* [Supplied information]:
::::

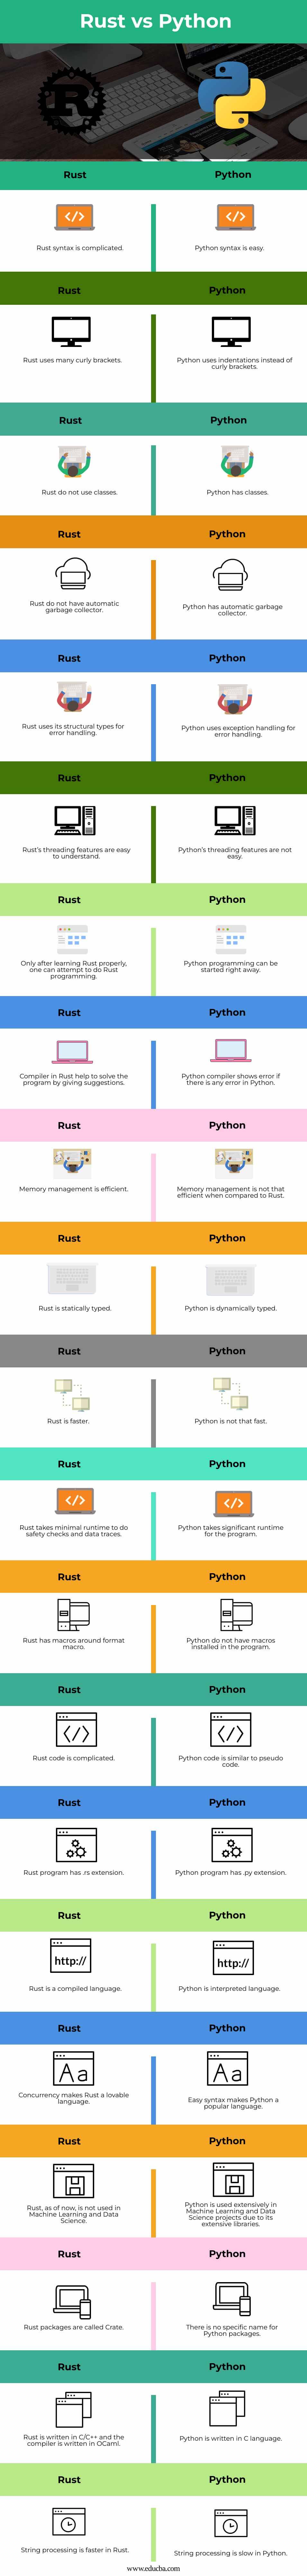 Rust-vs-Python-info
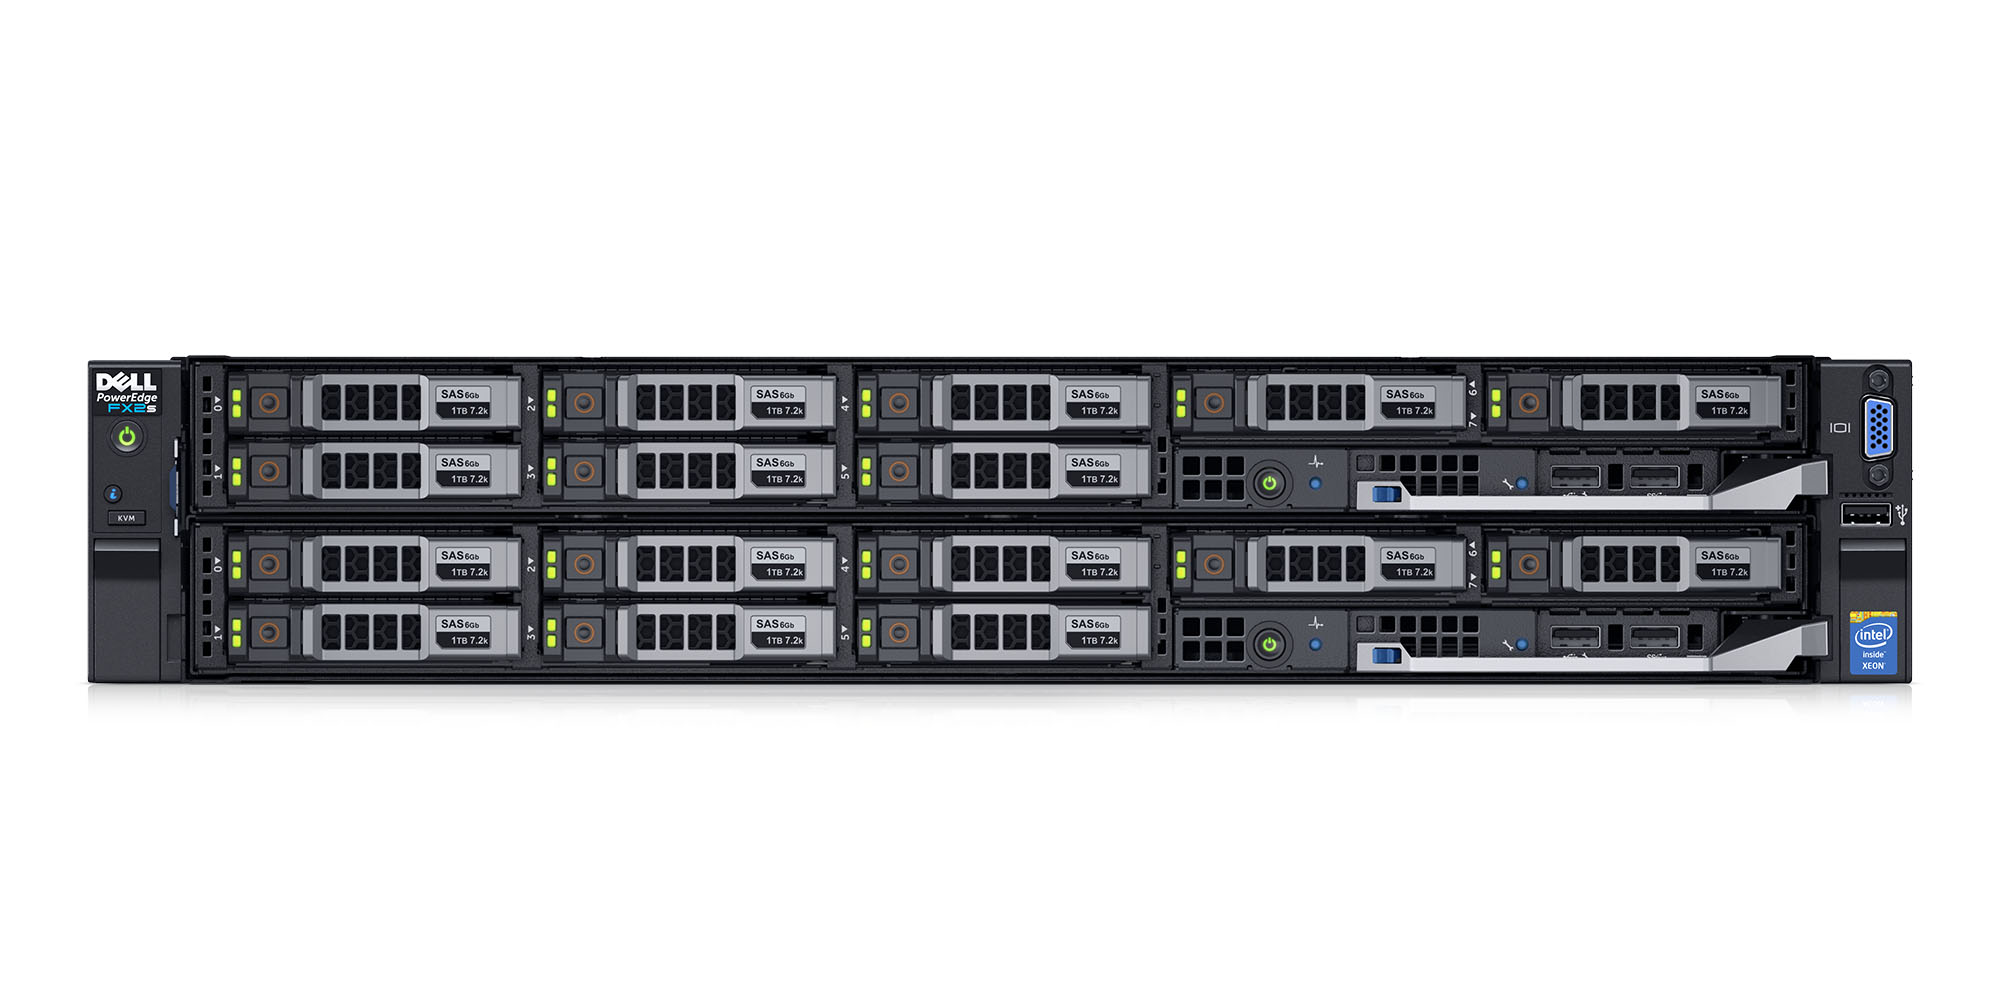 PowerEdge FX2s Rack Server with FC830 Blades
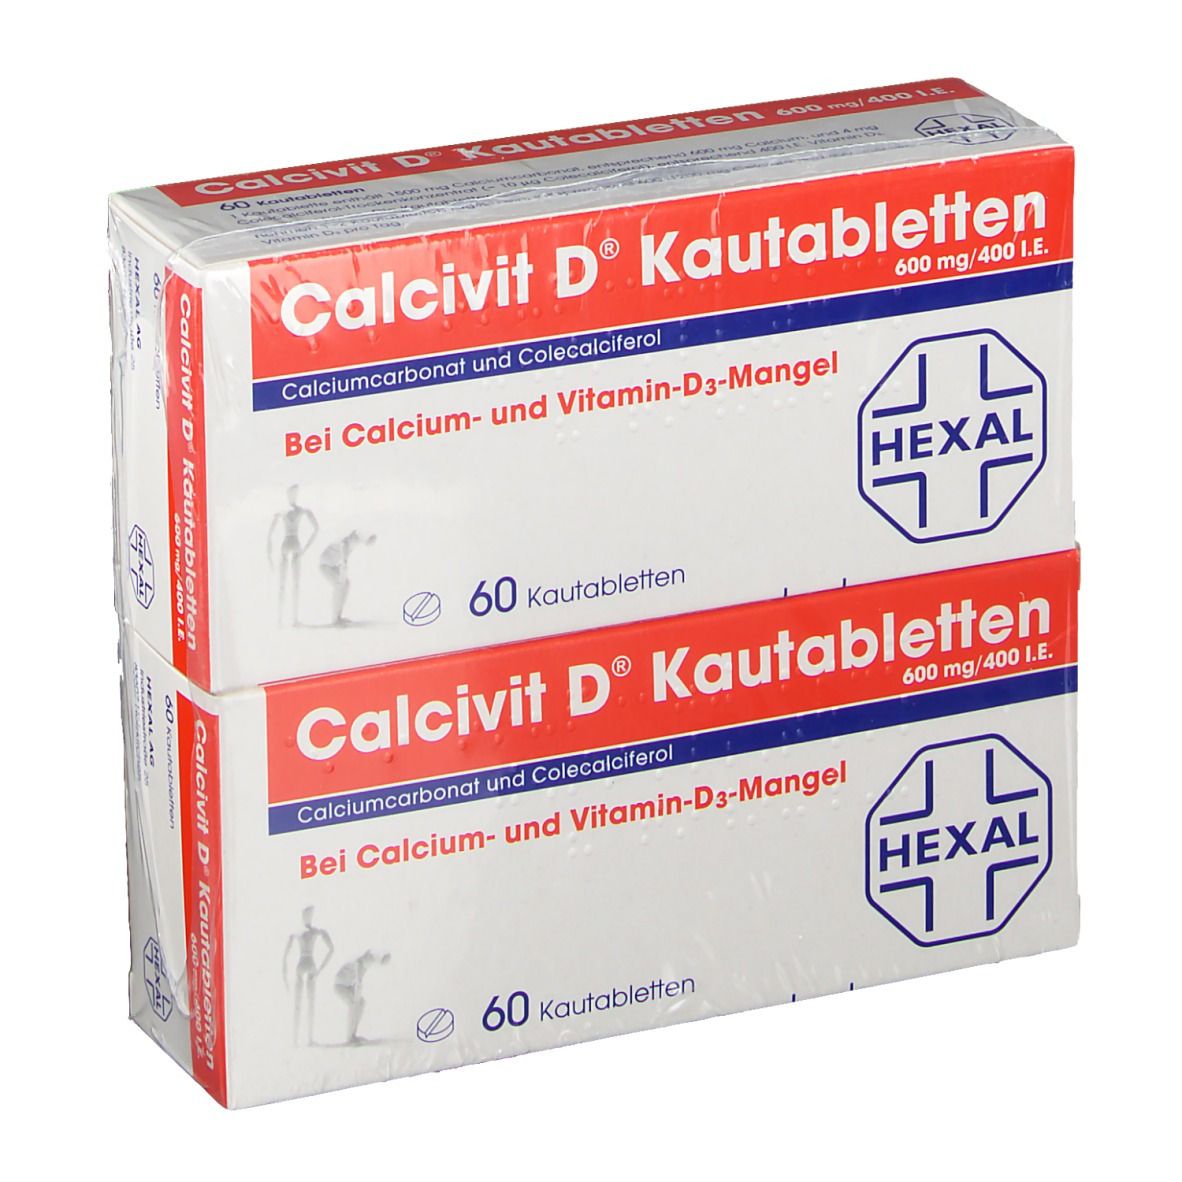 Calcivit D® Kautabletten, 600 mg/400 I.e.

::::

* [The problem]: Reproduce the data above exactly, leaving out any picture in it.

* [Task output]:
 Rust-vs-Python-info
 PowerEdge FX2s Rack Server with FC830 Blades
 Calcivit D® Kautabletten, 600 mg/400 I.e.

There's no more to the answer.